Hypnofrenose, parte 1

ou "a história sem parte 2"

Eu lembro que tinha uns 16, 17 anos, quando comecei a escrever minha primeira história de ficção. Nessa época, lia muito Percy Jackson e os Olimpianos. Eu trabalhava (ou “filava aula”) na biblioteca da escola em que estudava. Percy Jackson não foi meu primeiro livro infantojuvenil, mas gostei bastante da experiência (até o quarto livro, não li o restante da saga) e isso me inspirou a criar uma fanfic chamada As aventuras de Joel Fandangos no Monte Olimpo.

O nome é horrível.

Não tenho mais os arquivos dessa história, mas se tratava de um garoto que tinha uma condição em que, se ficasse 18 horas ou mais acordado, uma segunda personalidade assumia o corpo dele. Essa personalidade se chamava Joel Fandangos. Numa viagem da escola pra Atenas (?), o protagonista fica esse tempo acordado direto e Joel Fandangos, que era um “investigador paranormal” passa a procurar/// pistas de um suposto caso envolvendo mitologia grega e Percy Jackson (??).

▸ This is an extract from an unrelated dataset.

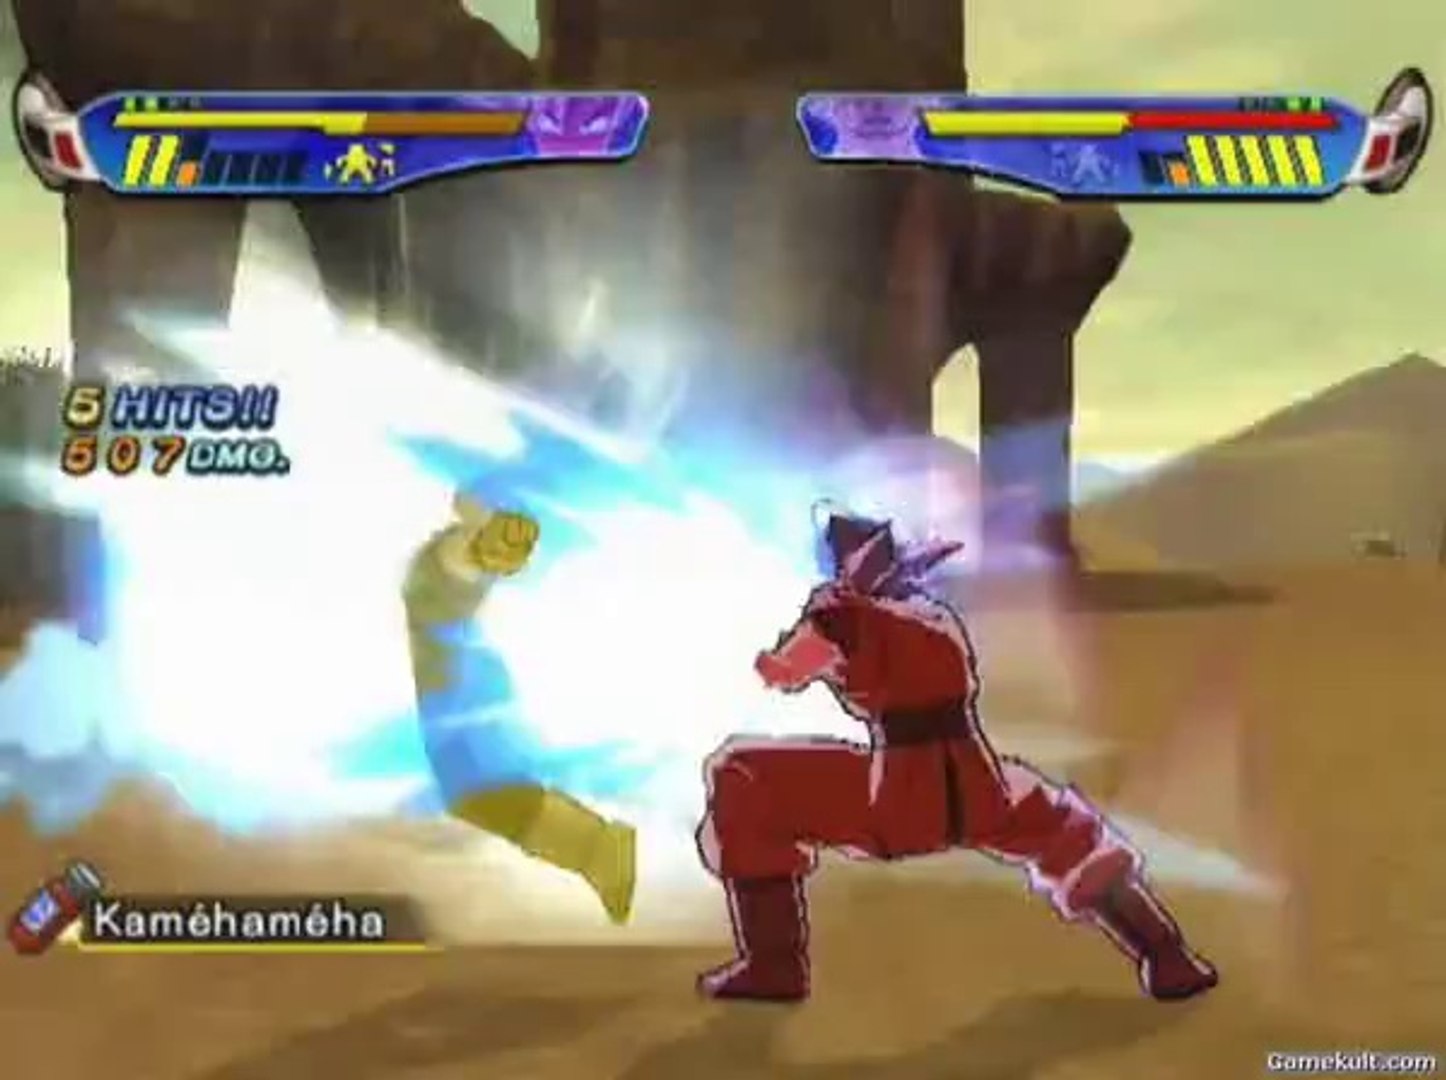 PlayStation 2 - Dragon Ball Z: Budokai Tenkaichi 3 - Goten - The

Confesso que, à época, era divertido escrever essa história. Escrever é pra ser divertido, no fim das contas. Hoje acredito que não a faria. Mas por ser algo tão peculiar, acabou me marcando e esse insight de mudança de personalidade continuou me acompanhando por muito tempo.

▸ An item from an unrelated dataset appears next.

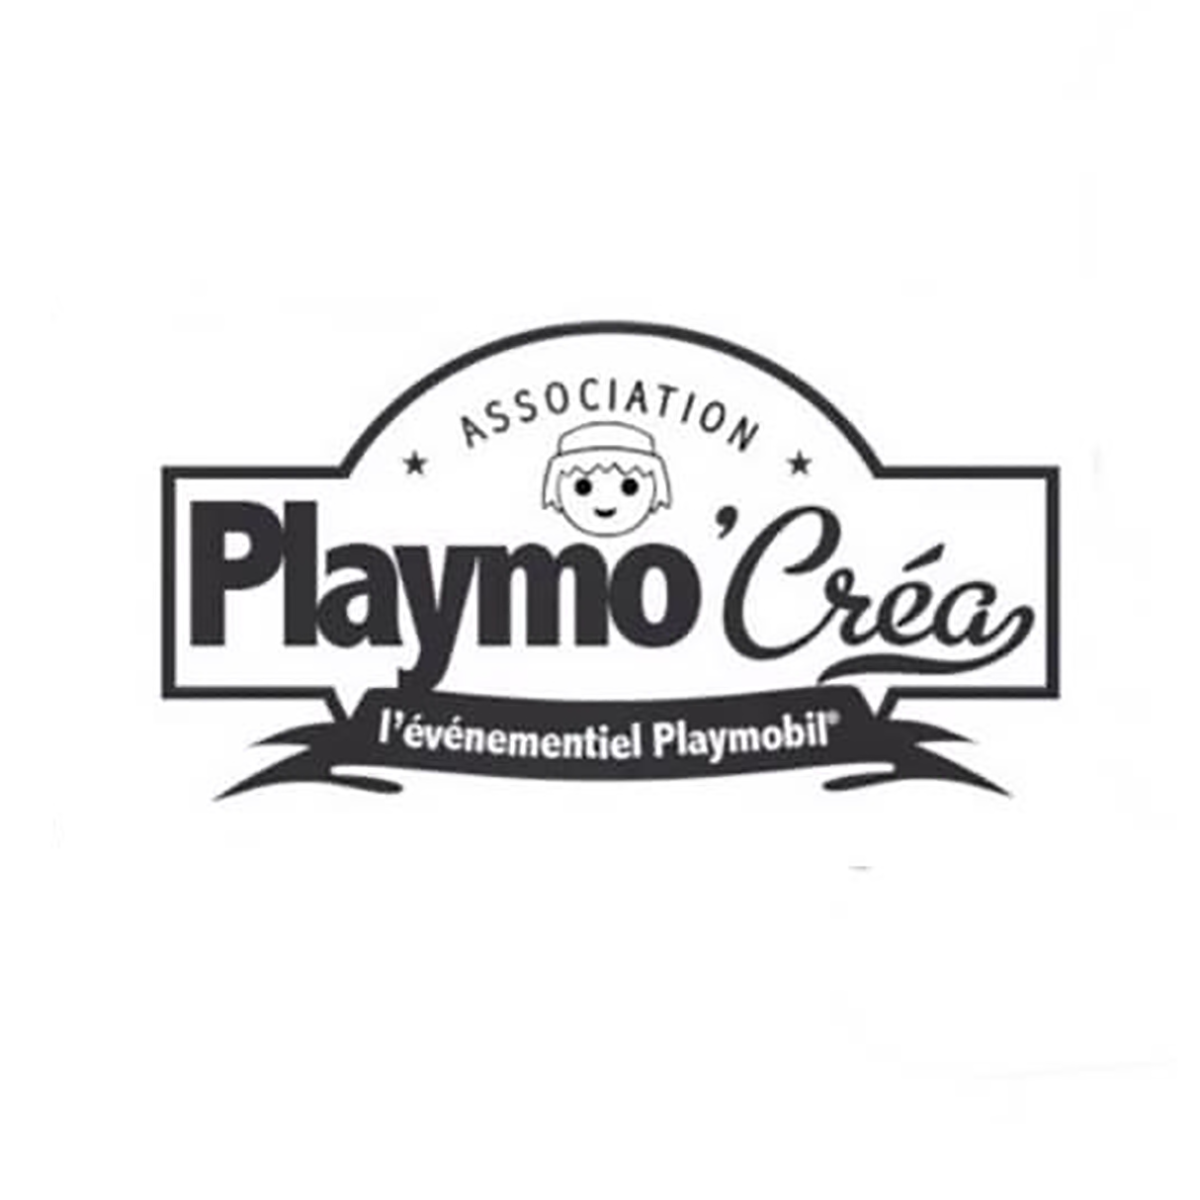 Association Playmobil Playmo Crea

Gosto de trabalhar com dualidades. Essas relações de yin e yang, bem e mal, dia e noite, acordado e dormindo, enfim, trazem um espectro cinza interessante pra ser abordado em narrativas de terror. Pra mim, que vejo essa relação do suspense e do medo muito mais no campo psicológico do que sobrenatural, é um prato cheio.

Por isso, quando pensei em fazer a coletânea Estado Hipnogógico, busquei pontos de partida que dessem substância não somente pra contos psicodélicos, mas que proporcionassem espaço de discussão dentro da narrativa (e fora dela) sobre os espectros do medo e do ser. E, nos exercícios de composição dos contos, trouxe parte da ideia do Joel Fandangos pro conto Hypnofrenose, parte 1.

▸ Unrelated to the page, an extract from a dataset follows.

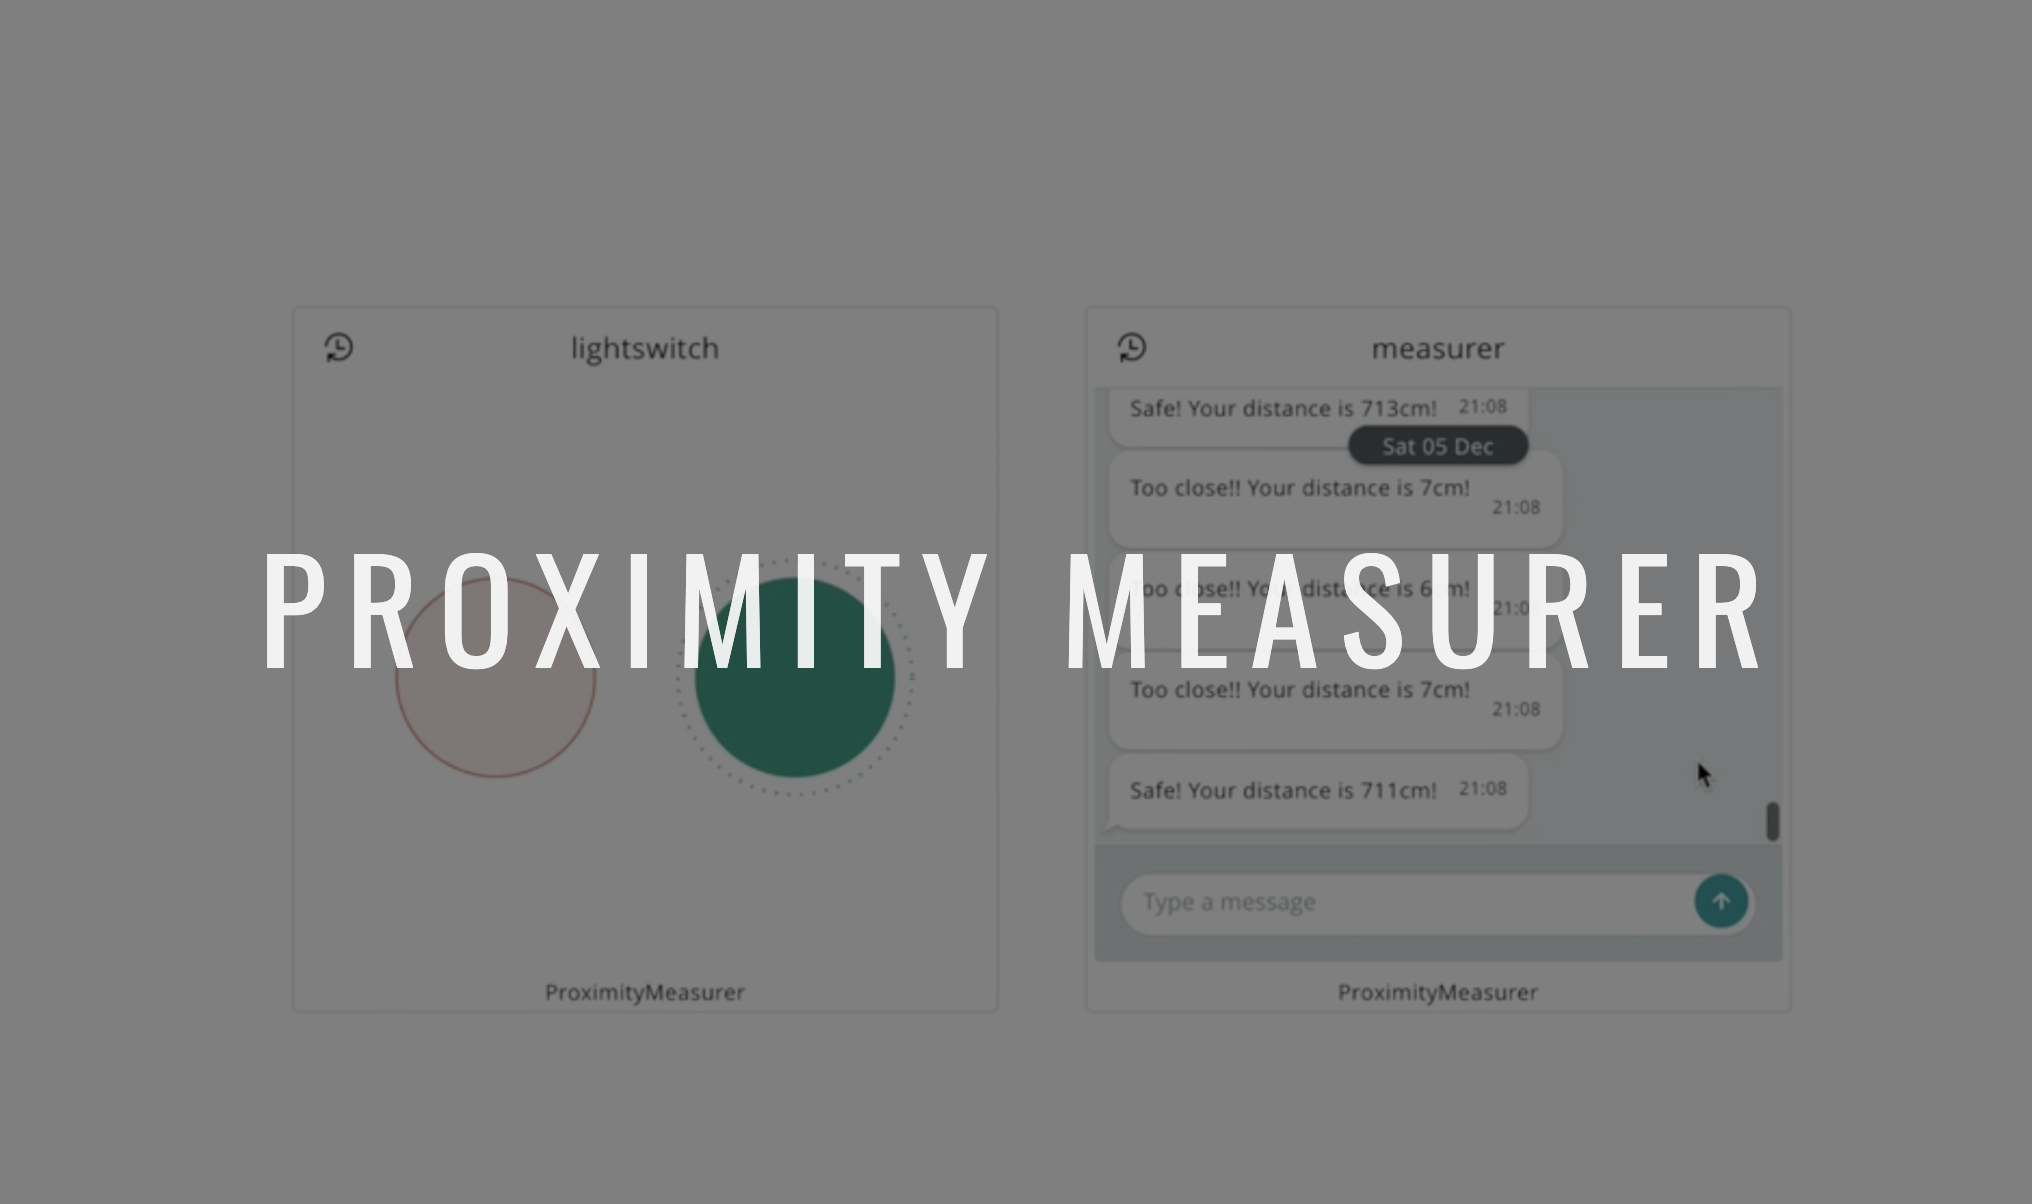 Proximity Measurer Image

Eu tenho problemas para dormir e isso já foi explorado em alguns outros trabalhos, mas nunca fui sonâmbulo. Acho deveras curioso, aliás, a capacidade de estar acordado quando estamos dormindo. A hipnofrenose é uma característica que pode ser perigosa, mas que justamente por ser tão atrativa, foi a que escolhi pra compor parte da ideia pro conto.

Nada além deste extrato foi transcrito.